Eventually a carton full of books showed up, most of which I signed and sent to all my contributors who’d filled out an obnoxiously long questionnaire for me. June 8 rolled around, the book was officially published, and I was a Famous Homeschool Author™, learning to form coherent sentences on the fly for radio interviews and obsessing over the book’s Amazon ranking. Somewhat to the publisher’s surprise, the first printing sold out within two weeks, and they went back to press, and then asked me, “What’s next?”
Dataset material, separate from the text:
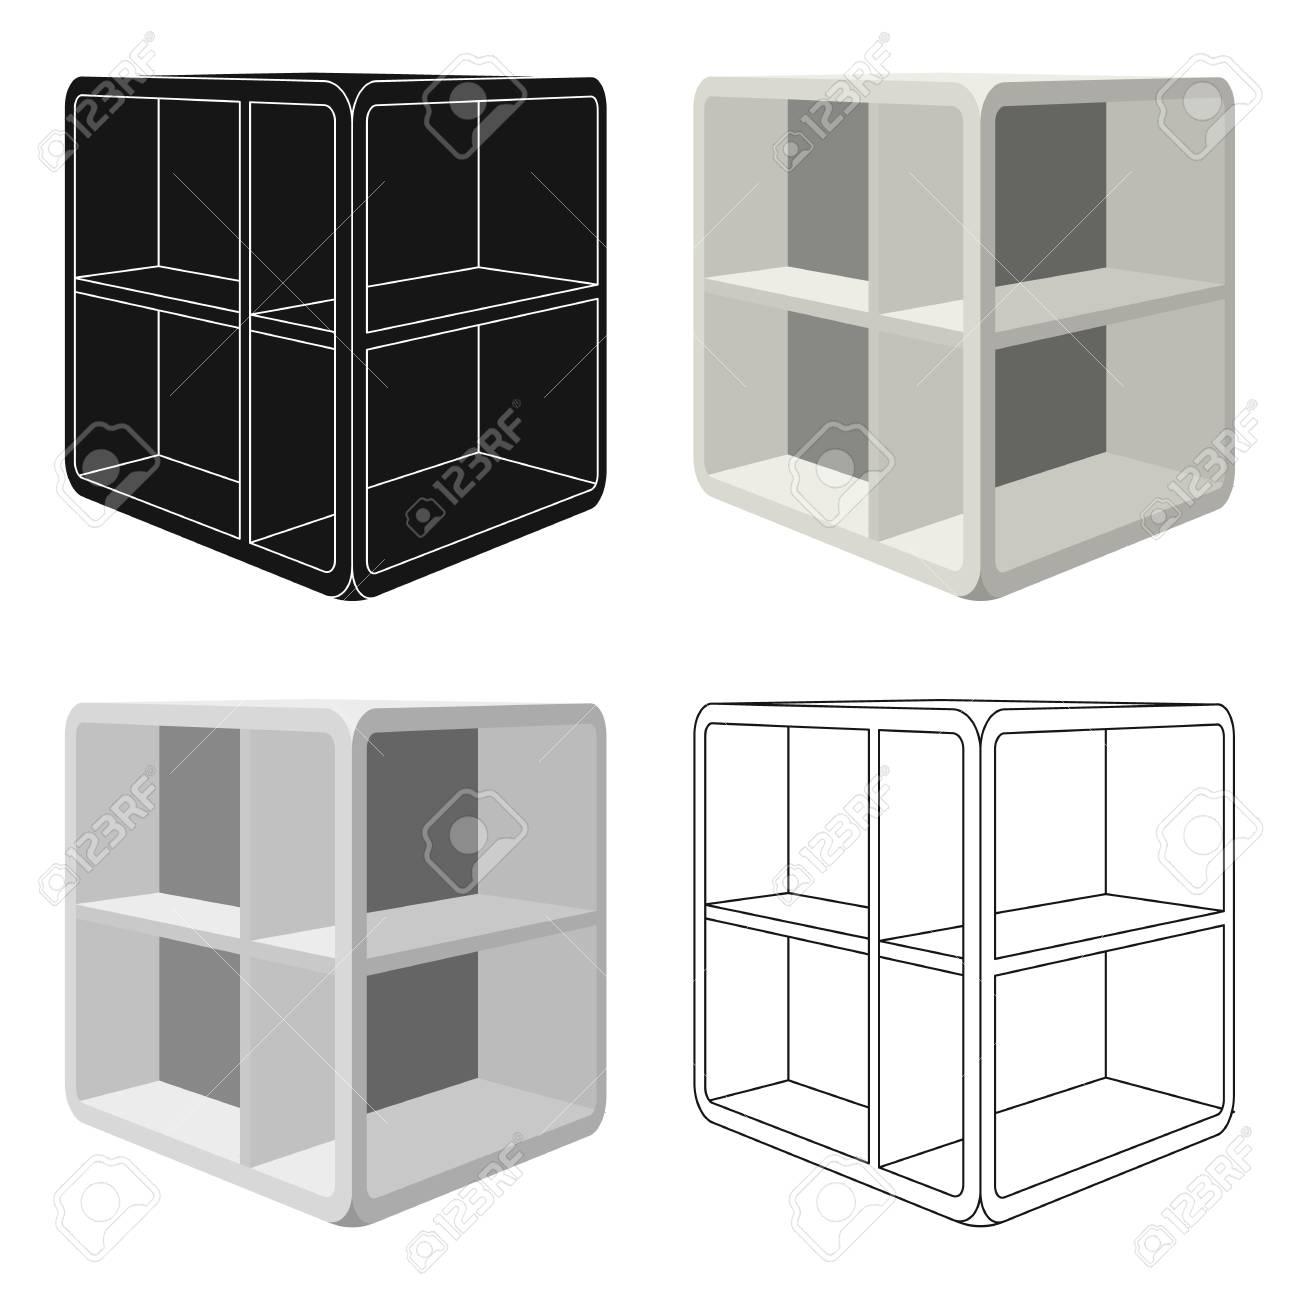 Table Basse De Petite Piece Table Blanche Avec Des Cellules Icone

So for 1998, I wrote another one, The Unschooling Handbook, which I liked much better. By then, the publisher had decided that my advice about reaching my part of the homeschooling market wasn’t completely baseless, so I ended up with a cover I liked much better, too. The new book sold well enough that the publisher decided not only that we needed a new updated version of my first book, for which I wrote about 40% new material, but that it would be the first of a whole series of homeschooling titles in uniform, identifiable covers. The Homeschooling Handbook, Revised 2nd Edition, came out in 1999, with a cover that was less interesting than that of The Unschooling Handbook, but at least had an illustration of a kid with a book and a magnifying glass, looking at a ladybug, which reminded me a bit of one of my favorite Calvin and Hobbes cartoons.

My publisher was a bit shocked, I think, that I wasn’t at all interested in writing any of the titles for the new series, but after three years of writing about homeschooling (and talking about it at conferences and in interviews), I’d said what I’d had to say about the subject, and had no interest in rehashing it into further titles. After my younger daughter started college, I sent out another of my long and obnoxious questionnaires to as many of my previous contributors as I still had contact info for, and in 2007 came out with my self-published Viral Learning: Reflections on the Homeschooling Life, a collection of linked essays, plus an appendix full of the questionnaire responses. But that book was just for me, and for the contributors, not a real part of my Famous Homeschool Author™ collection.

The HH and UH, as I think of them these days, are still in print and still selling. My little “5th largest” publisher was acquired by Random House, so my books are now published by Three Rivers Press, an imprint of Crown Books Group, a division of Penguin Random, owned by AG Bertelsmann. (My contacts and communications with my publishing conglomerate these days are entirely electronic and non-human.) Both books are in their 14th or 15th editions, at least the last time I saw copies in a book store. with cumulative sales now approaching 95,000 copies. (To put that number in perspective, back when I still knew humans at Crown, they declined my fencing book proposal with a kind “We think it would be a great book, but we’re not interested unless it will sell 100,000 copies in the first year.”) My little backlist homeschooling titles have been only enough to keep me in new glasses and occasional computer and phone upgrades over the past two decades.

But backlist titles still earning royalties after 20 years is still kind of amazing.

*”Famous Homeschool Author™” is the term coined in sarcasm by my then 12-year-old older daughter to keep me in my place. The whole family (including me) has used it off and on ever since, invariably ironically.